When you receive a 'day trade call' via email, you will need to deposit the necessary amount to restore your day trade buying power.
This is how this limit is calculated by our U.S. broker-dealer:
Exchange = Market value (stocks) x 25%
requirement
Exchange = Equity (stocks + cash) - Exchange requirement
margin excess
Day trade = 4 x Exchange margin excess
Buying power
Day Trade Call Definitions
Your day-trading buying power is equal to four times the excess of the exchange margin i.e. 4 x the Exchange margin excess:
The Exchange requirement is equal to the Market value (stocks) of your portfolio x 25%
The Exchange margin excess is calculated by the Equity (value of stocks plus cash in your portfolio) minus the exchange requirement
Therefore, Day-trading buying power is equal to four times the Exchange margin excess buying power (4 x exchange margin excess).
What happens if you exceed this limit?
If this limit is exceeded and a day trade call is issued, Stake will notify the customer that they have up to five business days to deposit funds to meet the call.
Until the call is met, the account will be restricted to a day trading buying power of 2x the exchange margin excess. If the day trade call is not met by the deadline, the account will be further restricted to the exchange margin excess.

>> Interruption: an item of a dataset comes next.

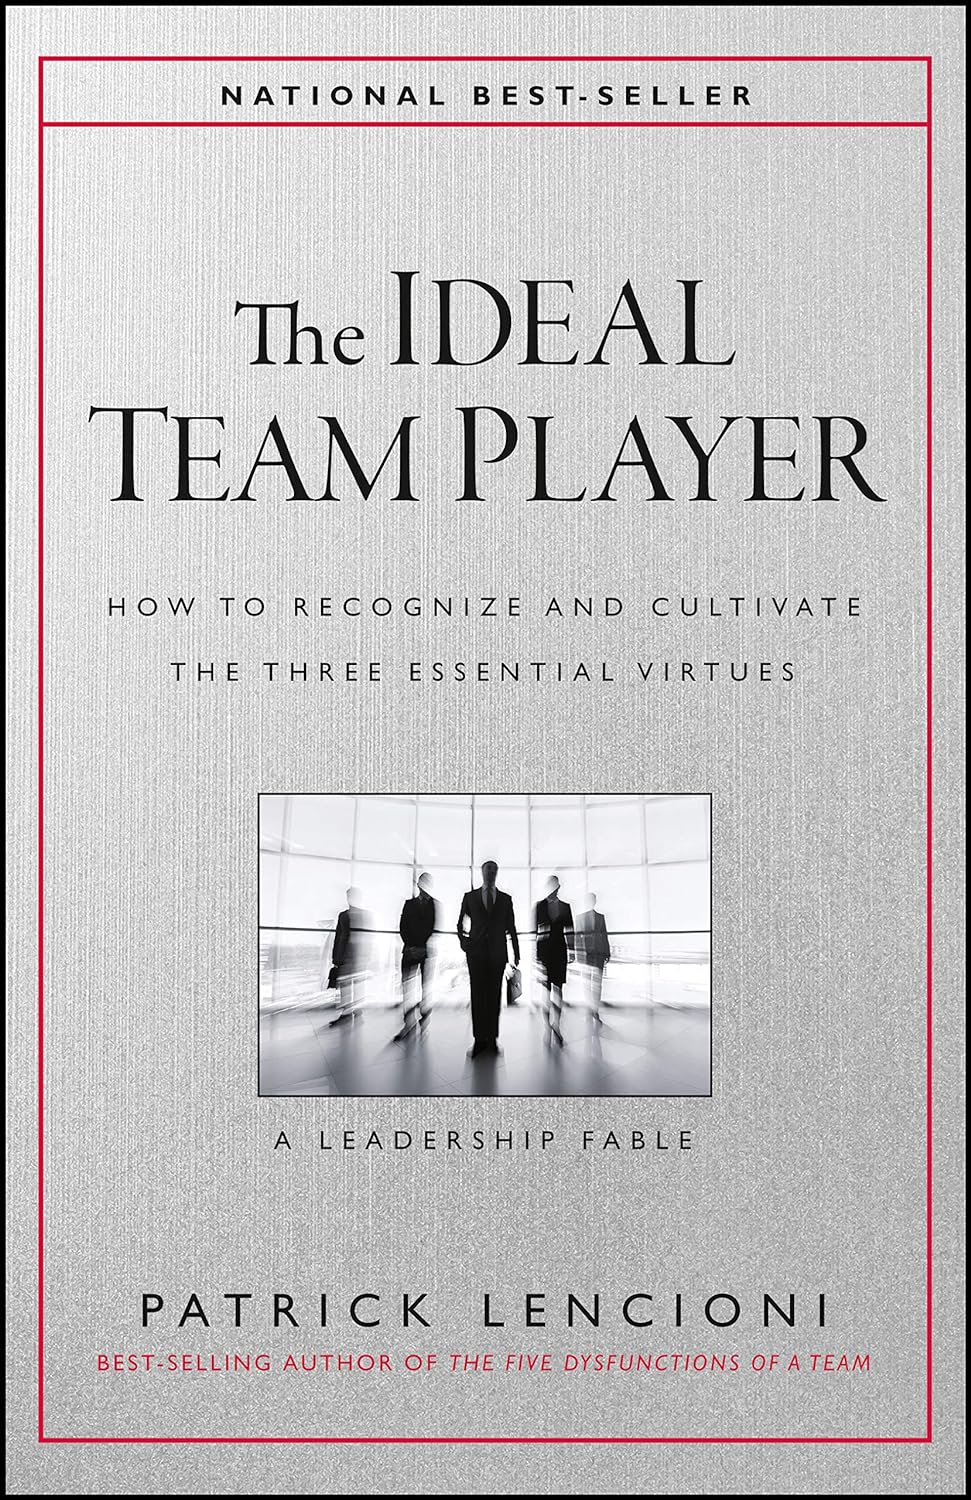 Patrick Lencioni - The Ideal Team Player. How to Recognize and Cultivate The Three Essential Virtues (J-B Lencioni Series)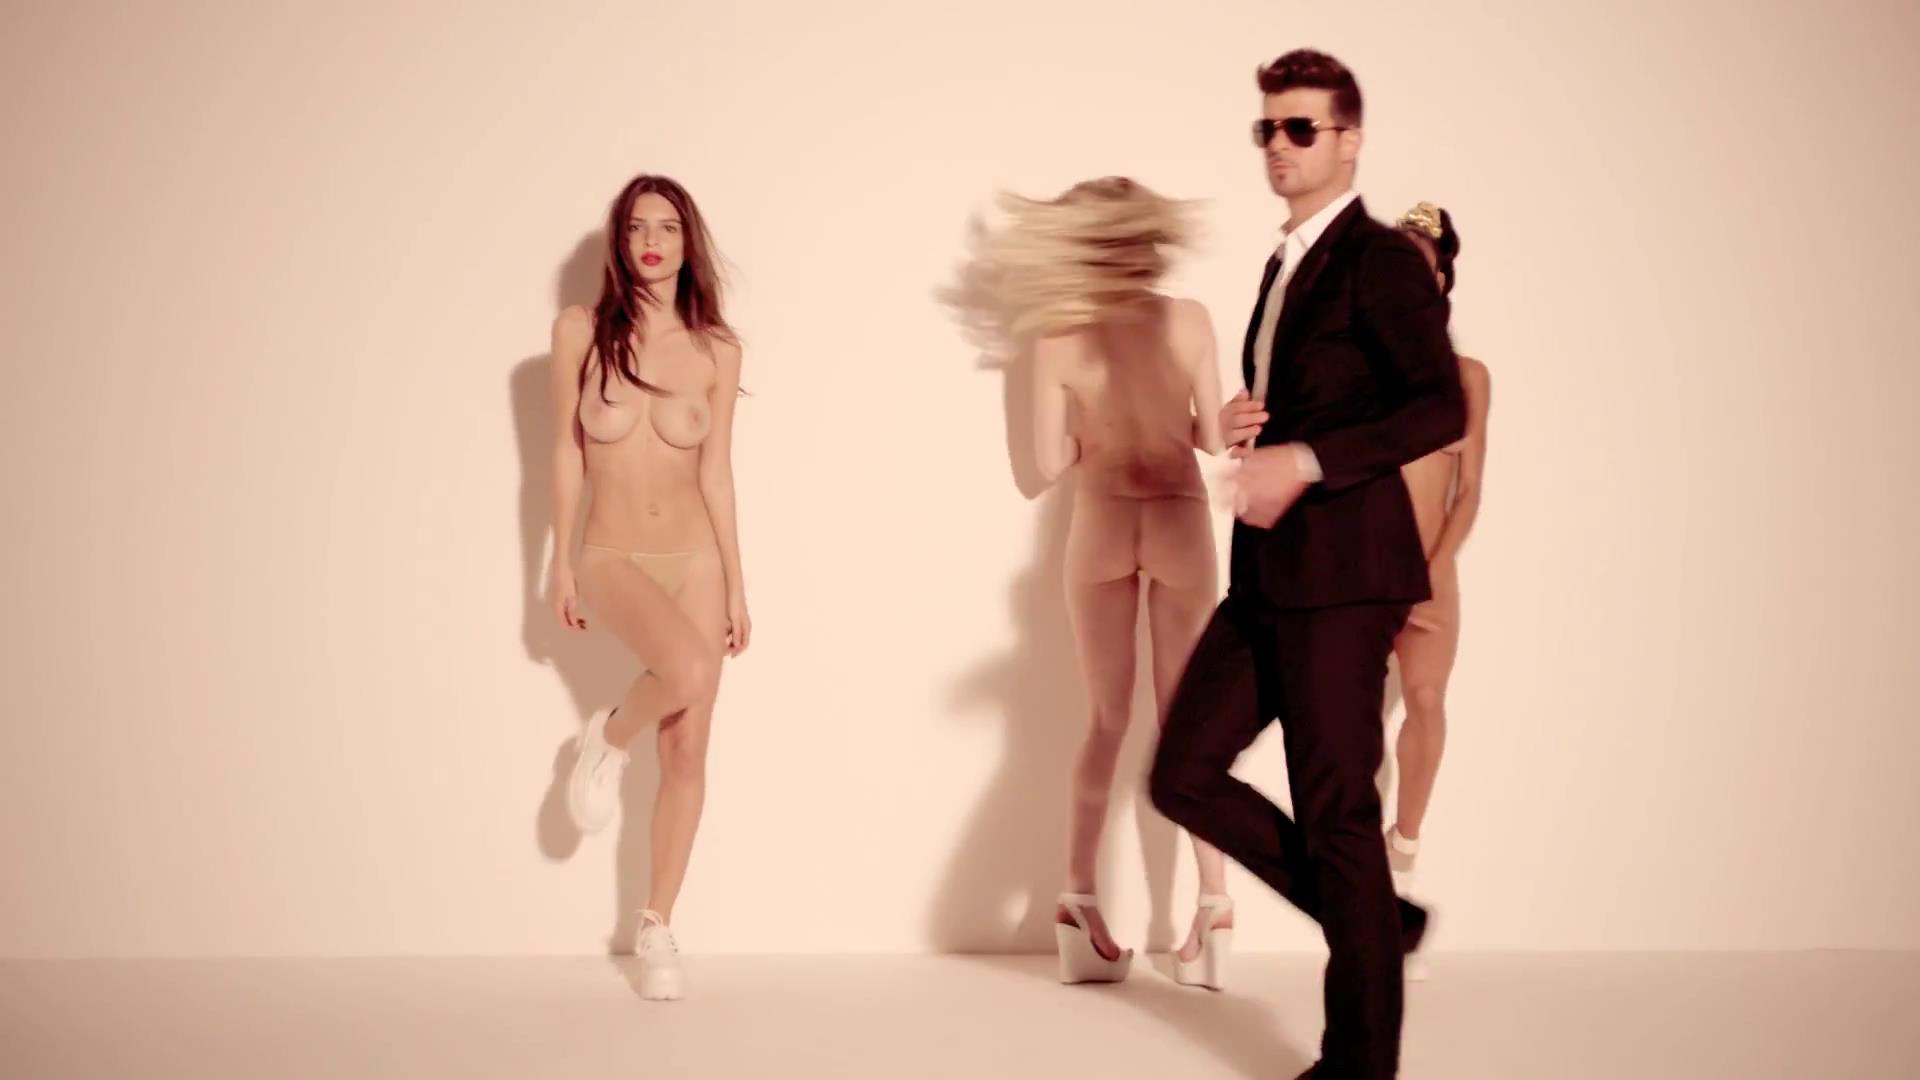 Robin Thicke Blurred Lines Nude

If a customer has an unmet call and receives a second day trade call, the account is restricted and they will not be allowed to place any further day trades for the following 90 days or until the calls are met.
This restriction only prevents customers from making day trades (as defined above). Apart from that, the account can still be used for non-day trades.
Some things to consider:
Day trade calls and Pattern Day Trade restrictions are different, but both are very important for day trading and are imposed by FINRA, not Stake. Those marked as Pattern Day Traders could face more limitations than the 90-day trade restriction, at the discretion of our U.S. broker-dealer, DriveWealth.
Margin requirements are calculated based on the customer’s securities positions at the close of the trading day. A customer who only day trades and does not have a security position at the end of the day still has generated financial risk throughout the day. These rules impose a margin requirement for day trading calculated based on the customer’s largest open position during the day.
DriveWealth is free to impose a higher equity requirement than the minimum specified in the rules. The rules also prohibit the use of cross-guarantees to meet any of the day-trading margin requirements.